Ema, The Captive by César Aira
★★☆☆☆
The prolific César Aira is a writer of momentum and continuum. He often discusses his work ethic in essays and interviews, explaining how he’s a daily writer and resists editing yesterday’s material. He pushes ahead until he reaches a novella-sized page count and then calls it finished. This method allows for spontaneity and forces Aira to investigate and develop his ideas as they’re committed to the page. There’s hardly any room for overarching organization, and his tight, self-imposed limitations force his hand into what could potentially snap into a kind of instantaneous, literary bonsai tree — a perfectly constrained, organic growth. Each book strives to achieve a raw and unfiltered creative beauty.
This practice explains the “over eighty” books mentioned in the author’s bio, and although it’s not certain if Aira followed these rules for his second book Ema, the Captive (1981), this might also explain the novel’s lack of cohesion and overall clunkiness. Heavily expository and philosophically meandering, there is little sign of any forethought to the novel — those readers looking for a compelling story will be uncomfortably disappointed. Calling Ema, the Captive “improvisational” would be putting it lightly: this reads like the creative output of a non-committal god, bending storylines and structure to whatever whims momentarily have his attention.
But those readers who consider creativity a window into its author’s psyche will be pleased with Aira’s results: Ema, the Captive reads more like a psychological exercise, its story fit more for evaluation than enjoyment.
The novel opens with an overwritten scene of western noir, its prose as purple as hot blood in a cool sunset:
A wagon train was traveling slowly at daybreak; the soldiers leading the way swayed in the saddle half asleep, their mouths full of rancid saliva. With the turning of the season, they had been made to get up a few minutes earlier each day, so they went on sleeping as they rode, league after league, until the sun came up. The horses were spellbound or terrified by the mournful sound their hooves made on the plain, and by the contrast between the shadowy earth and the diaphanous depths of the air.
It’s a wonder how an over-confident writer such as Aira could open a novel with such poor sentences, but perhaps there’s a reason for it: it’s as if he’s erecting an old-Hollywood western village of illusory building facades, hollow structures propped up with wooden supports. He immediately drops his readers into a world of western pulp in South America, for better or for worse (in the author’s afterword he explains his intentions were more to make a western gothic novel, but this is close enough). Upon discovering that his characters are slave-trading bandits who rape and pillage the towns in their path, Aira’s prose is almost forgivable — if Ema, The Captive is a self-conscious twist on men’s adventure stories, rooted somewhere between pulp and gothic, so be it. Latch us to the convoy.

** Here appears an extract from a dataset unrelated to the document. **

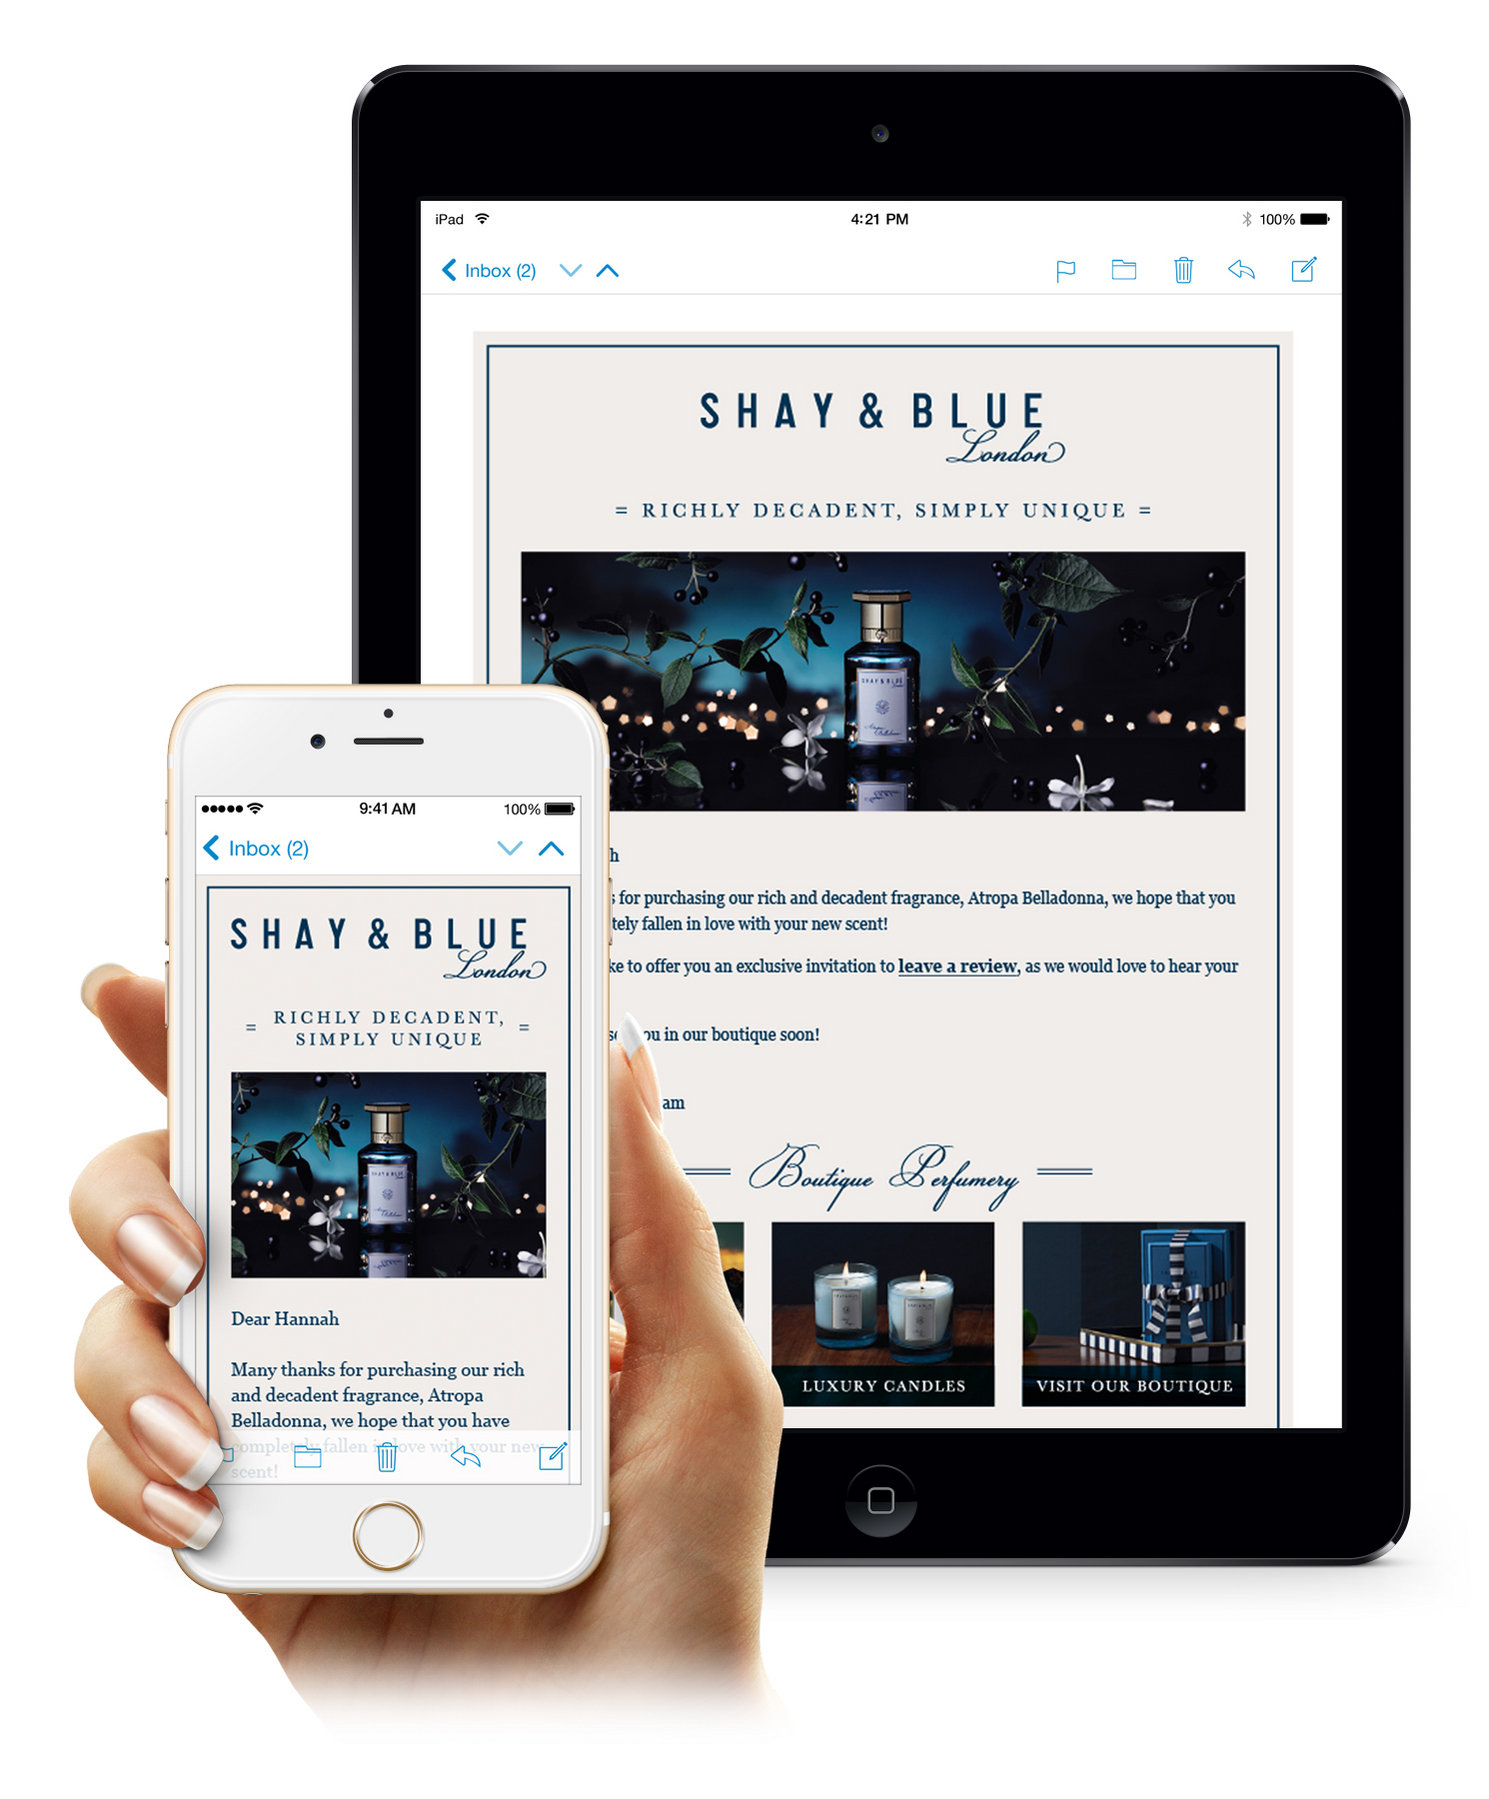 Shay & Blue email design shown on smart phone and tablet
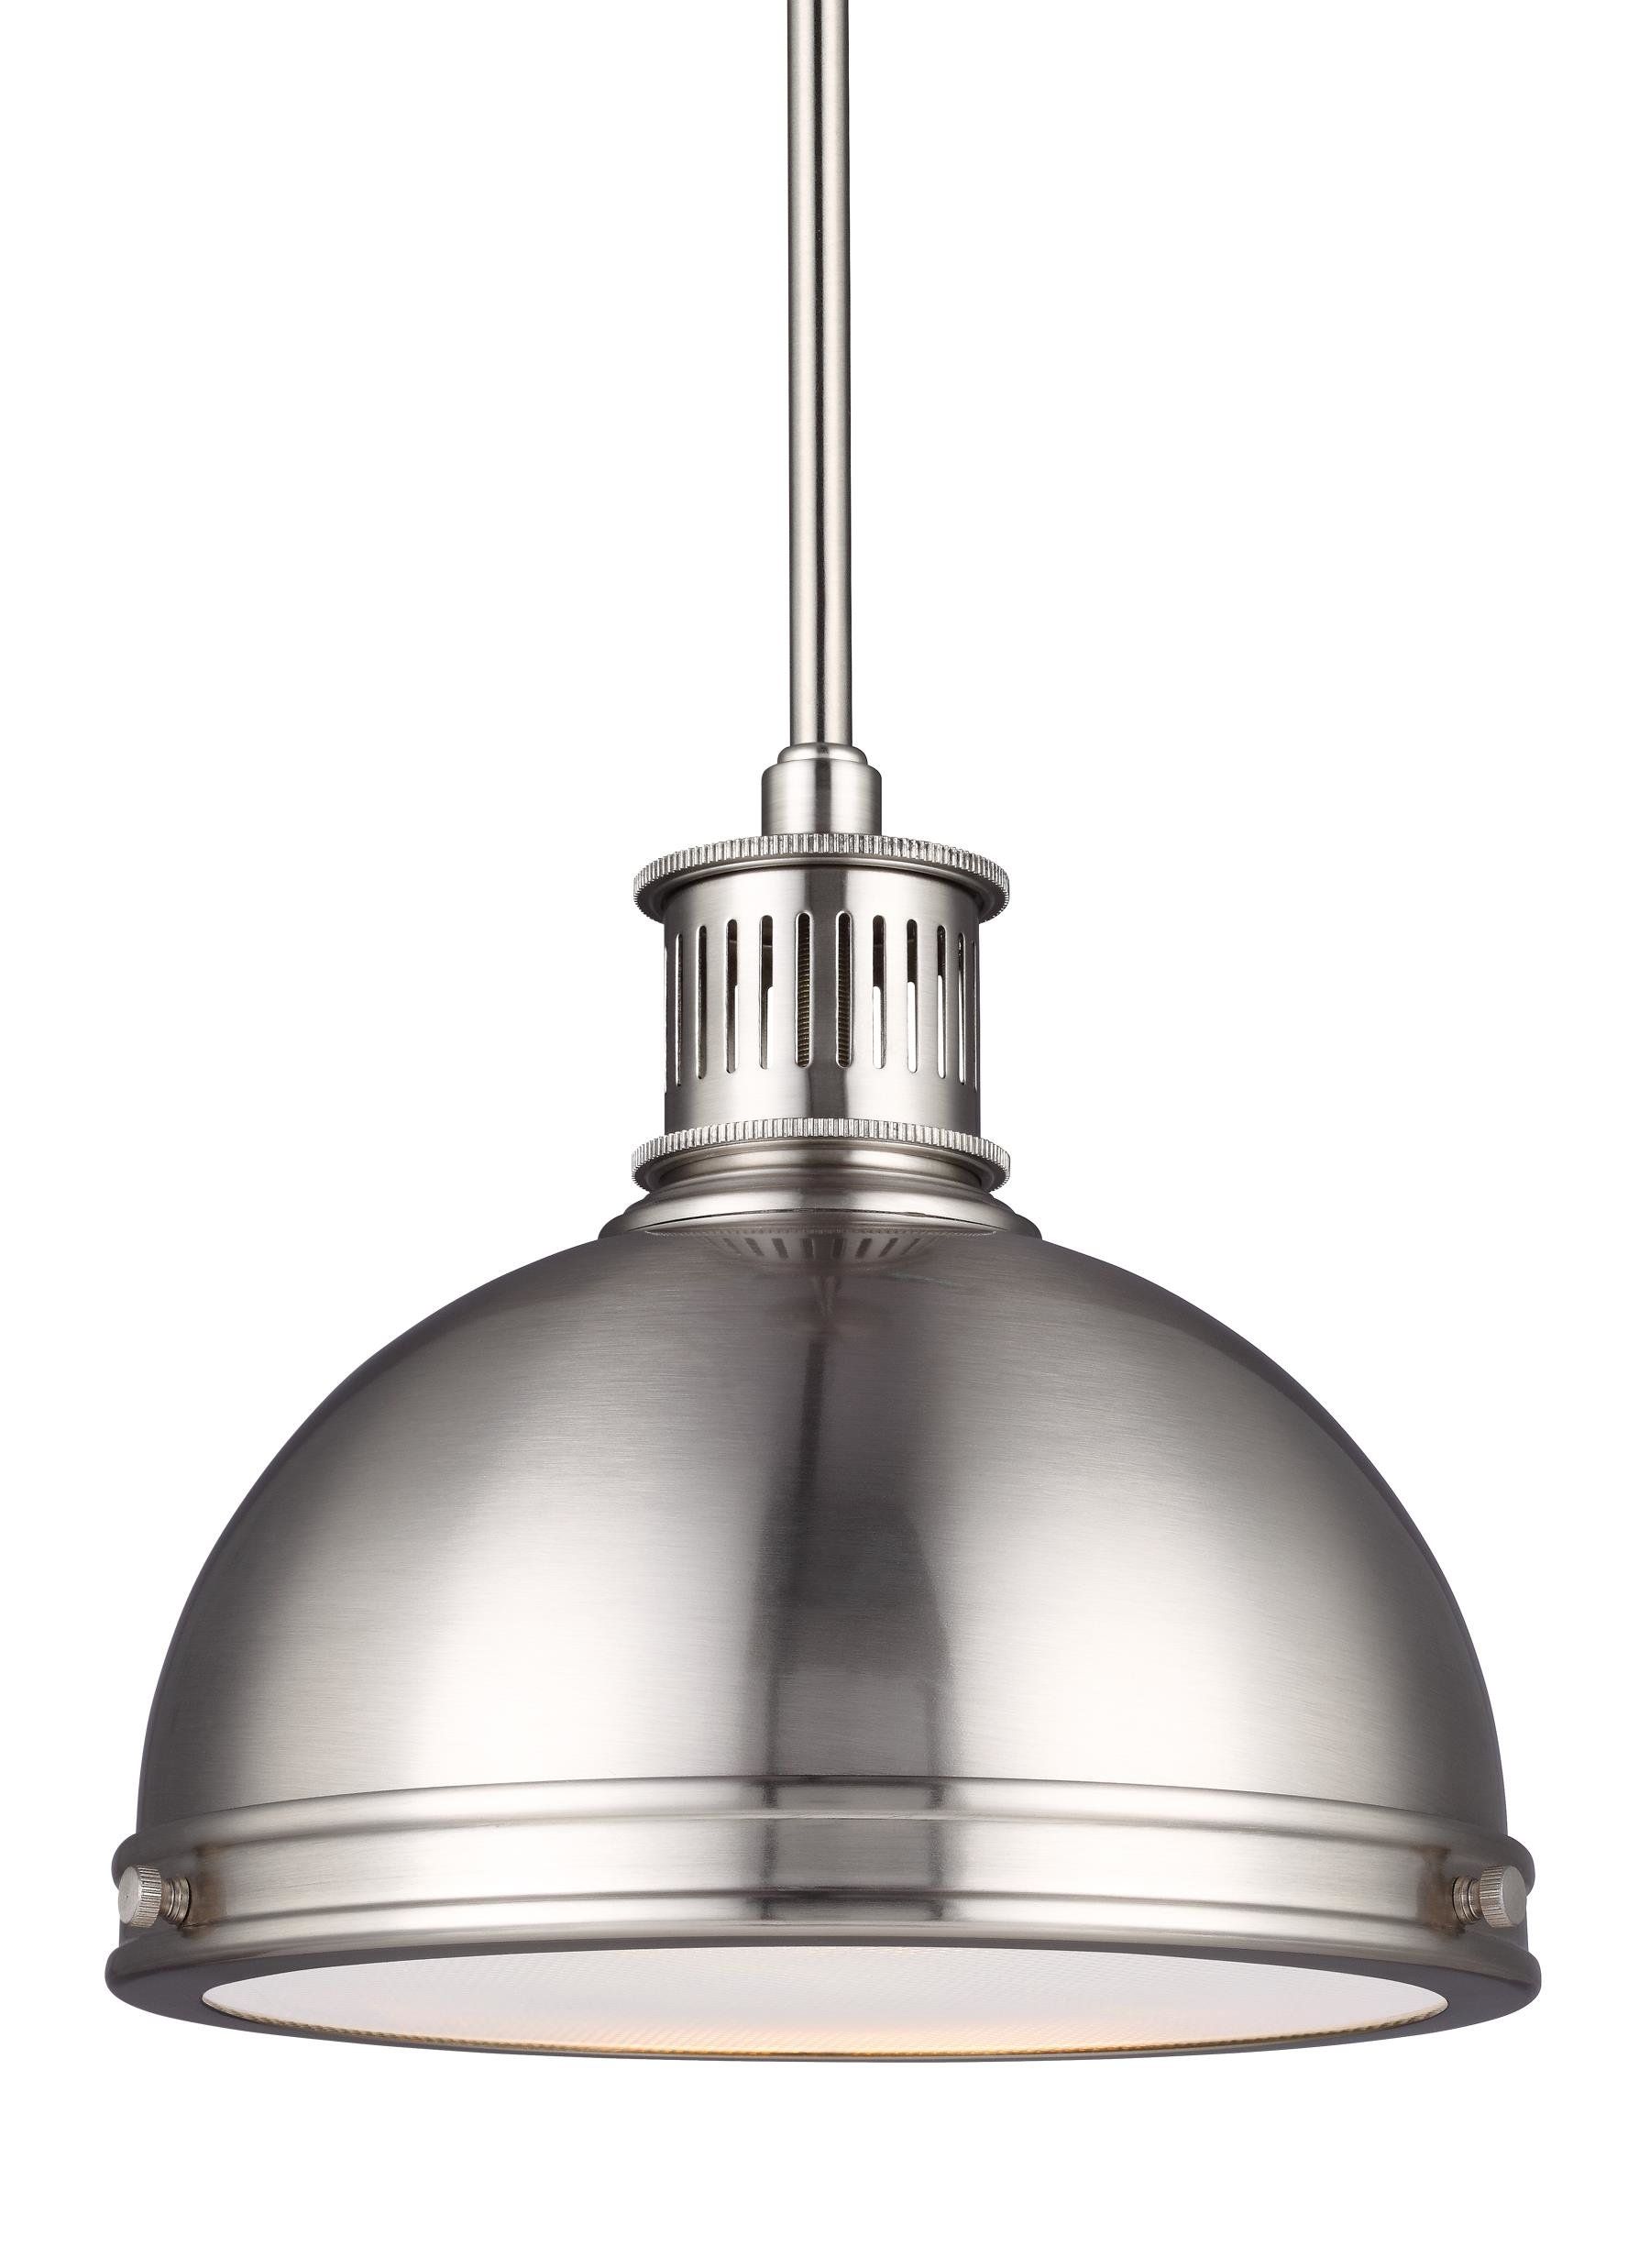 Orchard Hill 1 Light Led Dome Pendant Intended For Ninette 1 Light Dome Pendants (View 7 of 30)

A female prisoner emerges and becomes the subject of a French captain’s infatuations. The bandits reach their destination quickly, and while they’re at “The Fort”, Aira begins to refocus the book entirely on Ema and her life after traveling as a prisoner. Or are these flashbacks, from before her capture? She has a series of lovers, nurses her newborn, and even conceives a third child.
While it appears Aira’s plans are to trace a convoluted timeline for Ema’s life and capture, he drifts towards more exciting and intellectually stimulating ideas (despite their incongruence with the western gothic stylings of the novel’s opening scenes). Aira drops the prison cruelty and introduces ideas about capitalism and animal husbandry, as well as characters who arbitrarily slip into long-winded, philosophical discourse.
The concept of currency for the native tribes becomes a curious, resonant discussion, with repeated mentions that one could always print more money (or raise more chickens) if society becomes economically strained. “Money is an arbitrary construction,” one character muses, “an element chosen purely for its effectiveness as a means of passing the time.” Although this idea is stumbled upon during one of many tangential asides, it emerges as a much-needed theme for the book. This unconventional (mis)-understanding of economics mirrors Aira’s handling of prose: if cornered, he can always change focus and run a new plot through the printing press. Perhaps he’s not an indifferent god after all but more of an economic czar, willing to flood his market with fresh ideas rather than increase the value of what he’s already made.